■ PROBLEM DETAILS
In the records that follow, find the line containing "Quadro decorativo com" and the line containing "Las ONG catalanas", then transcribe both and every line between them exactly, omitting pictures.

■ RECORDS SUPPLIED
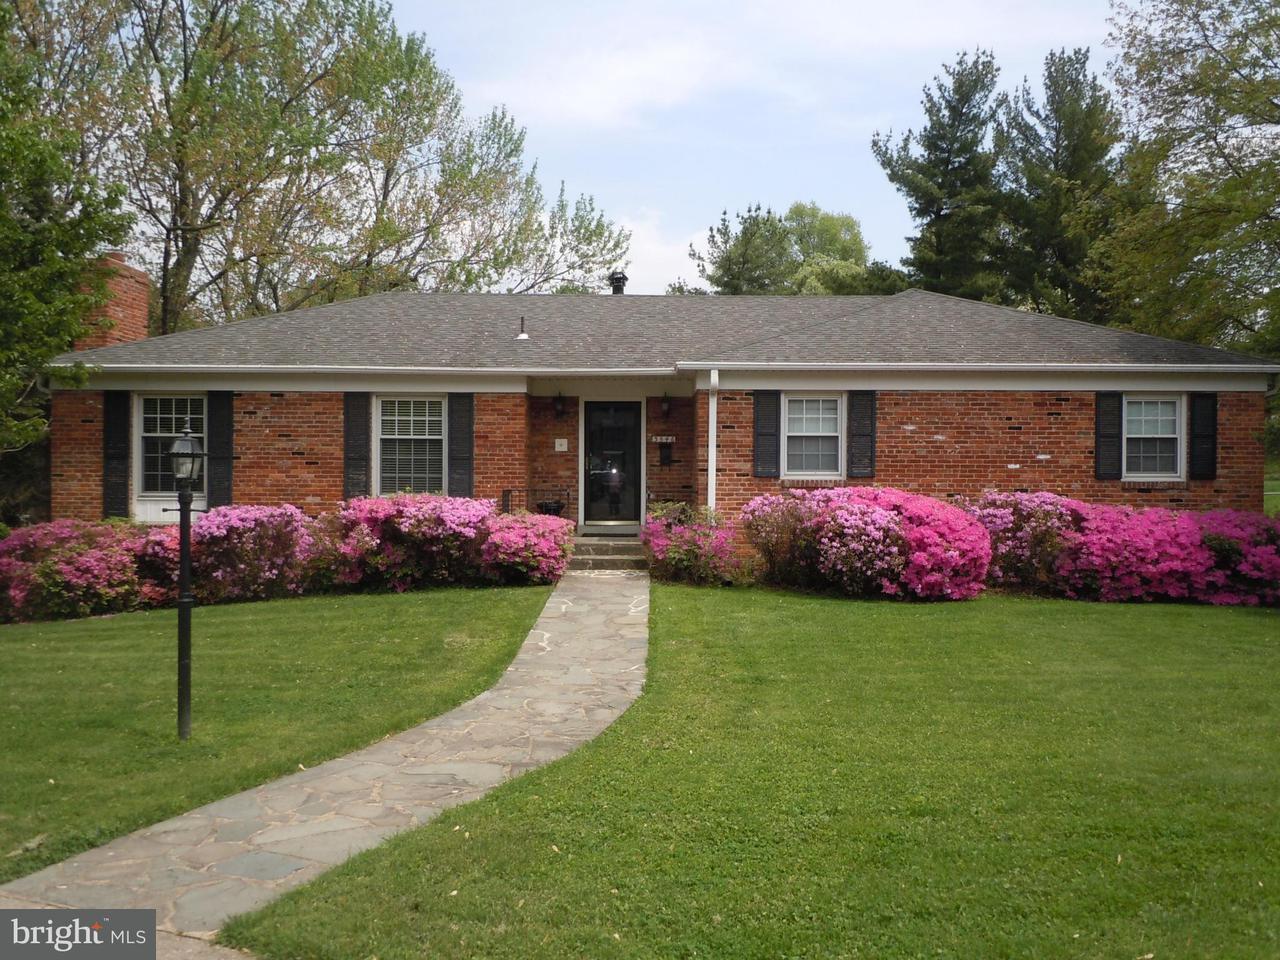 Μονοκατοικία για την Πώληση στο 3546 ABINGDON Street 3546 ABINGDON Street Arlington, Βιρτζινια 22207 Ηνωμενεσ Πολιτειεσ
...
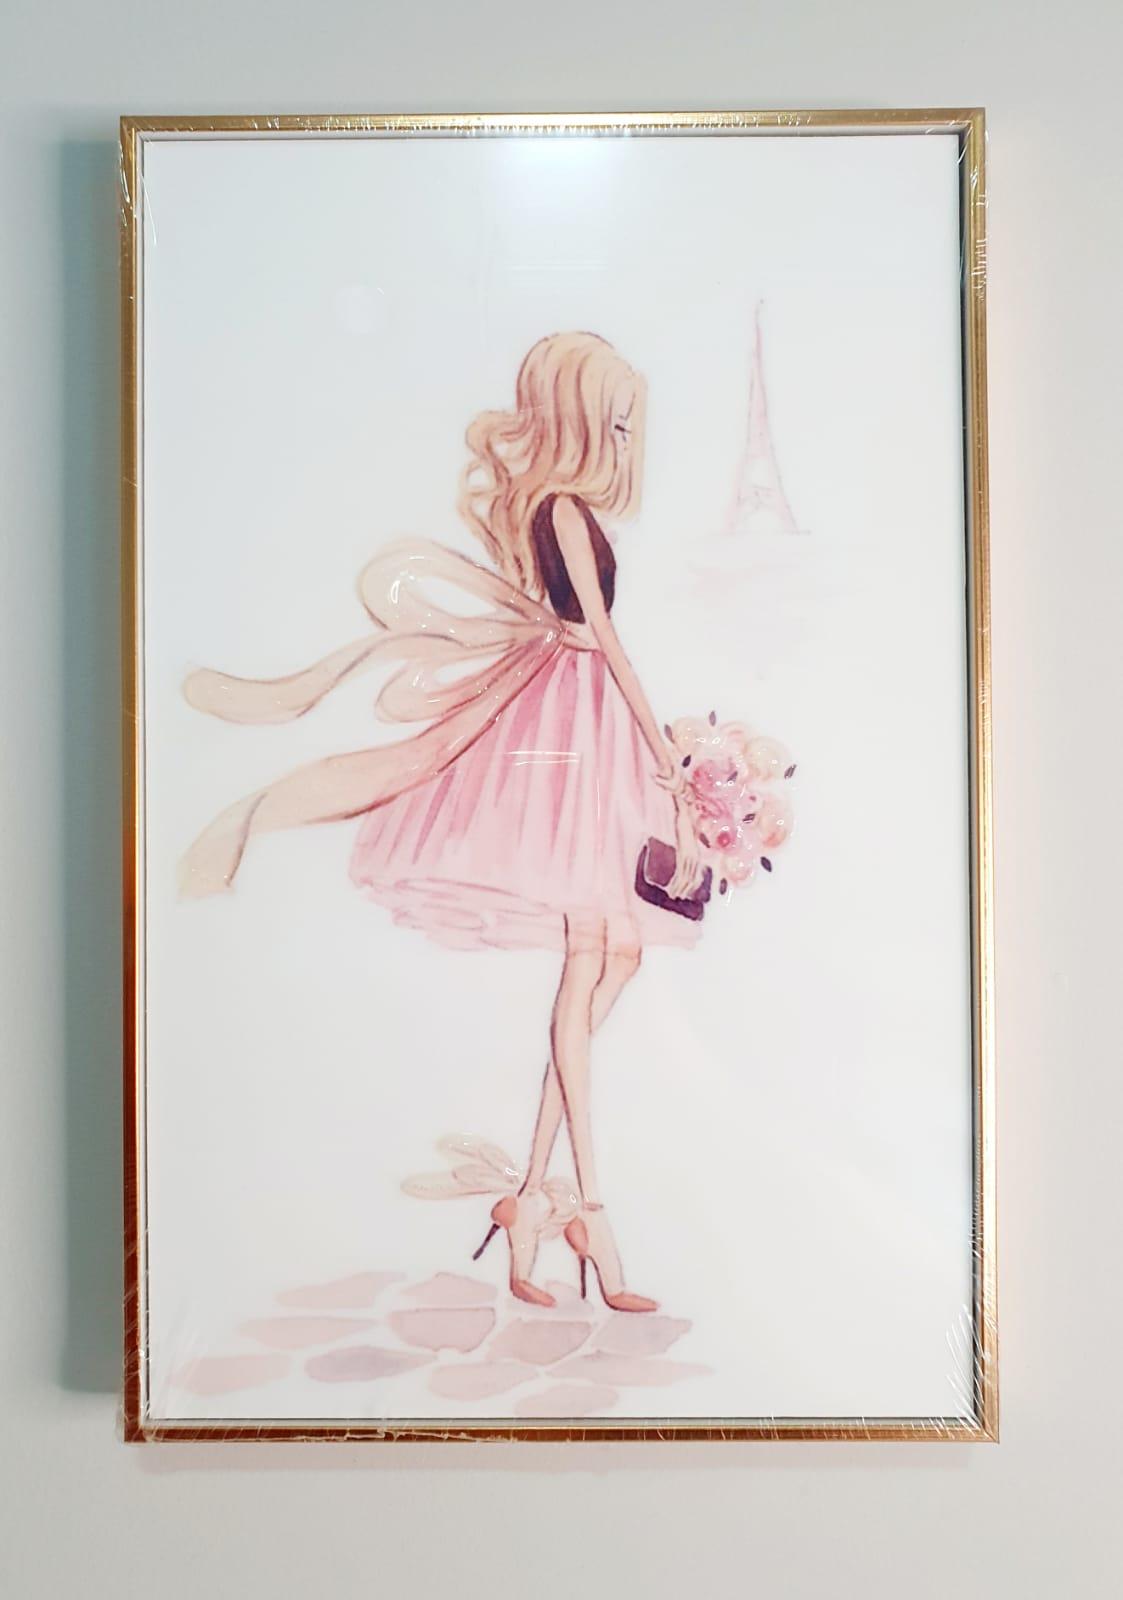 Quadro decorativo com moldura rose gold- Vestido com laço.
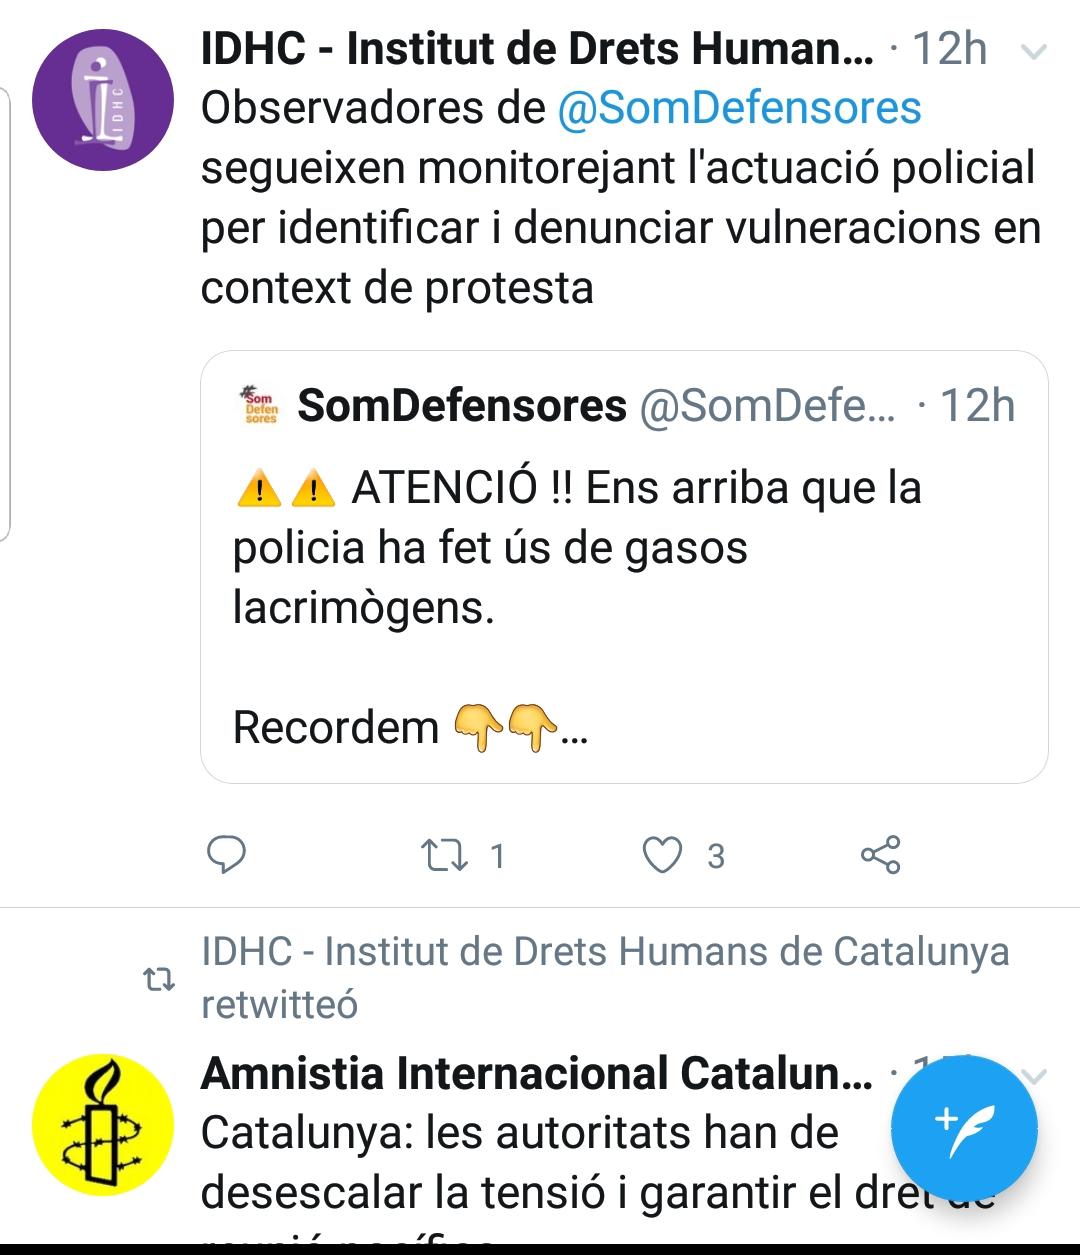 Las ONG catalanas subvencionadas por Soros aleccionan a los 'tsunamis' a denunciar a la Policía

■ YOUR SOLUTION
 Quadro decorativo com moldura rose gold- Vestido com laço.
 Las ONG catalanas subvencionadas por Soros aleccionan a los 'tsunamis' a denunciar a la Policía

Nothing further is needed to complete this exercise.